Brief: In the entries below, find the line with "Ngày hội có" and the line with "月刊TVガイド關東版 2023年 11月號". Reproduce those two lines and every line between them exactly, and nothing more.

Dataset excerpts:
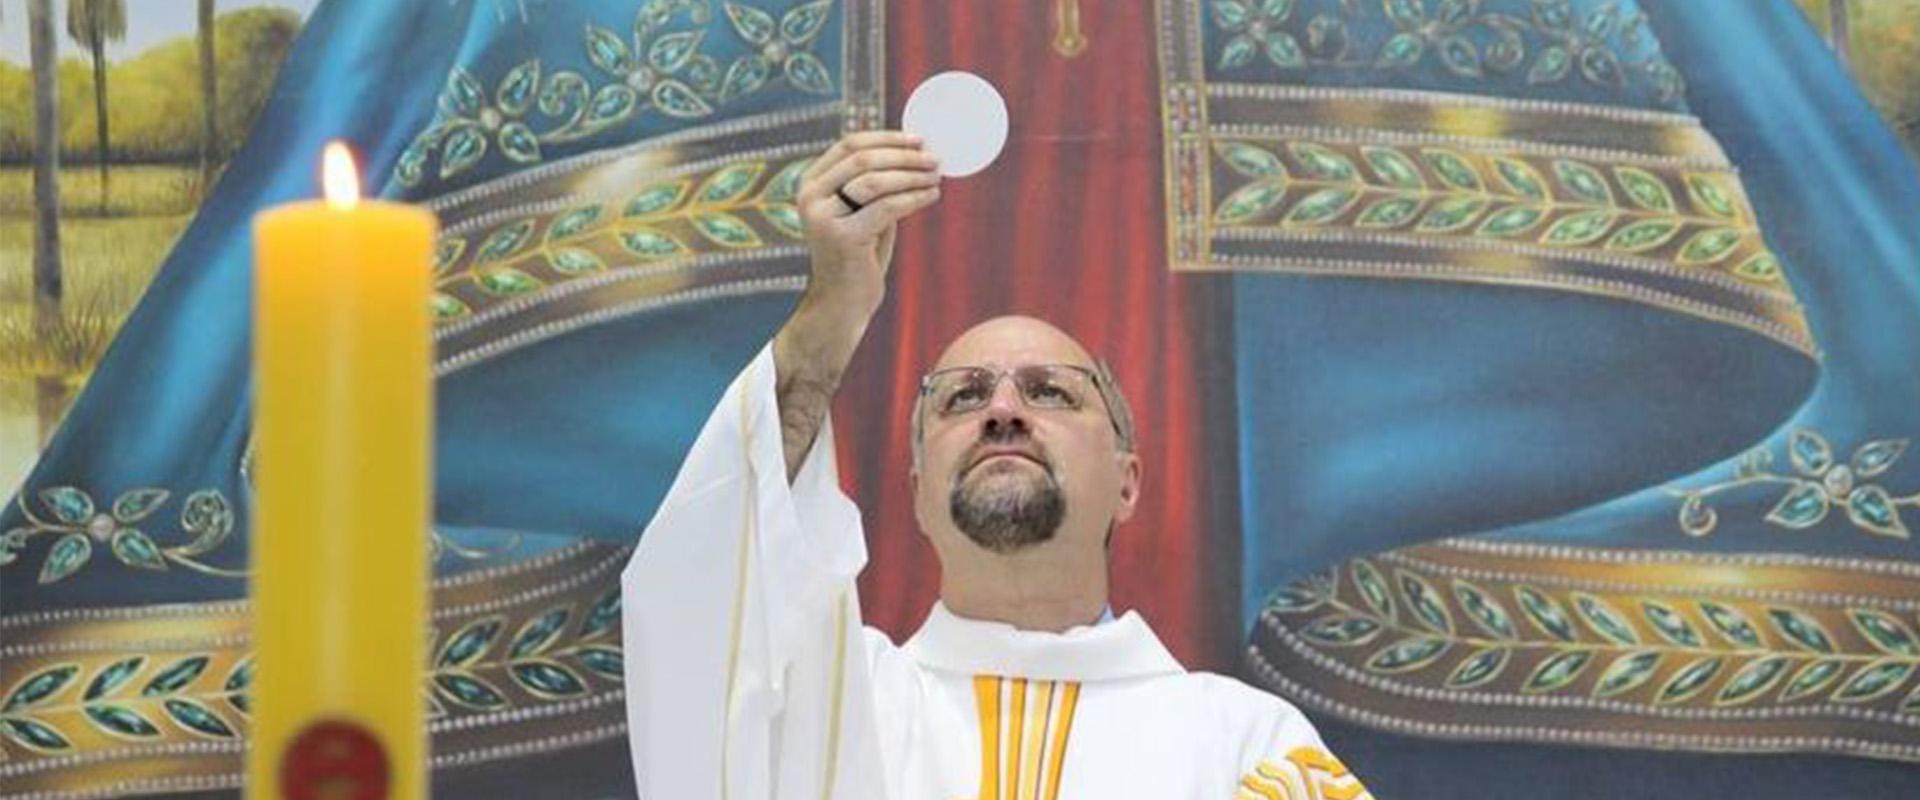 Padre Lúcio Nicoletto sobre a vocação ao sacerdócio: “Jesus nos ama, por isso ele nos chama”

...

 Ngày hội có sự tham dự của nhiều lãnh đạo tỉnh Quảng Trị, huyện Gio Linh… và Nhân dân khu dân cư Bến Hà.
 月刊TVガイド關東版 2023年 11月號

==

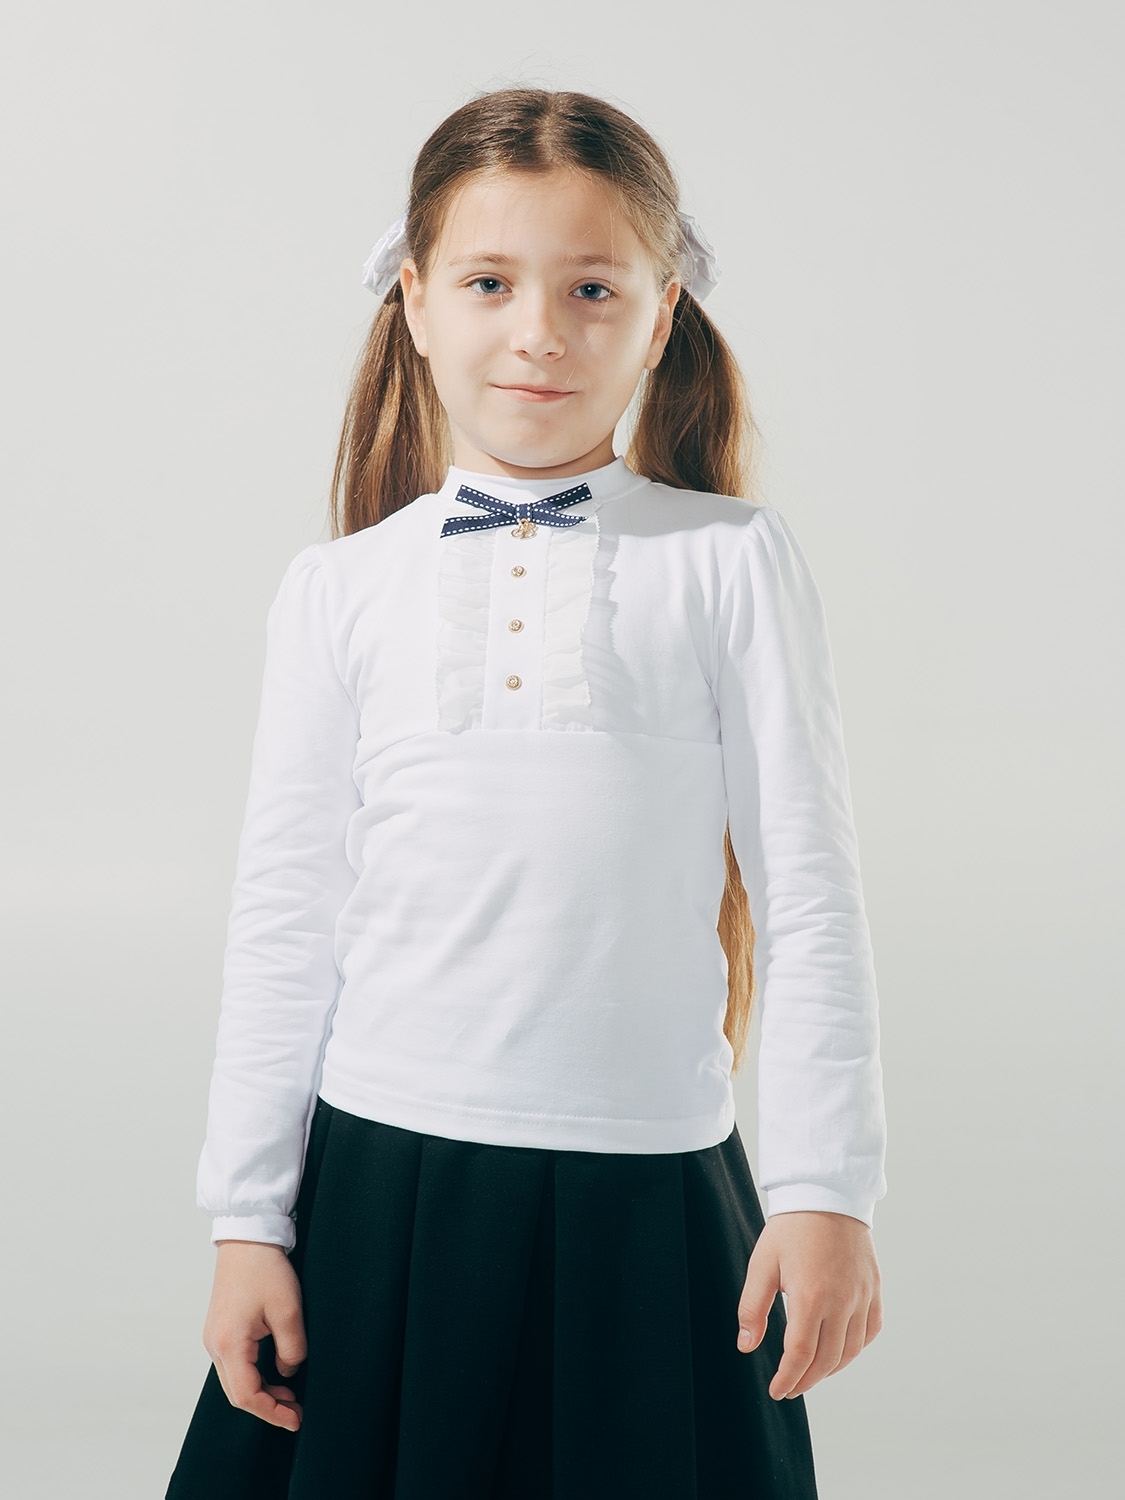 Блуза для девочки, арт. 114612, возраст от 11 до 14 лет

Result:
 Ngày hội có sự tham dự của nhiều lãnh đạo tỉnh Quảng Trị, huyện Gio Linh… và Nhân dân khu dân cư Bến Hà.
 月刊TVガイド關東版 2023年 11月號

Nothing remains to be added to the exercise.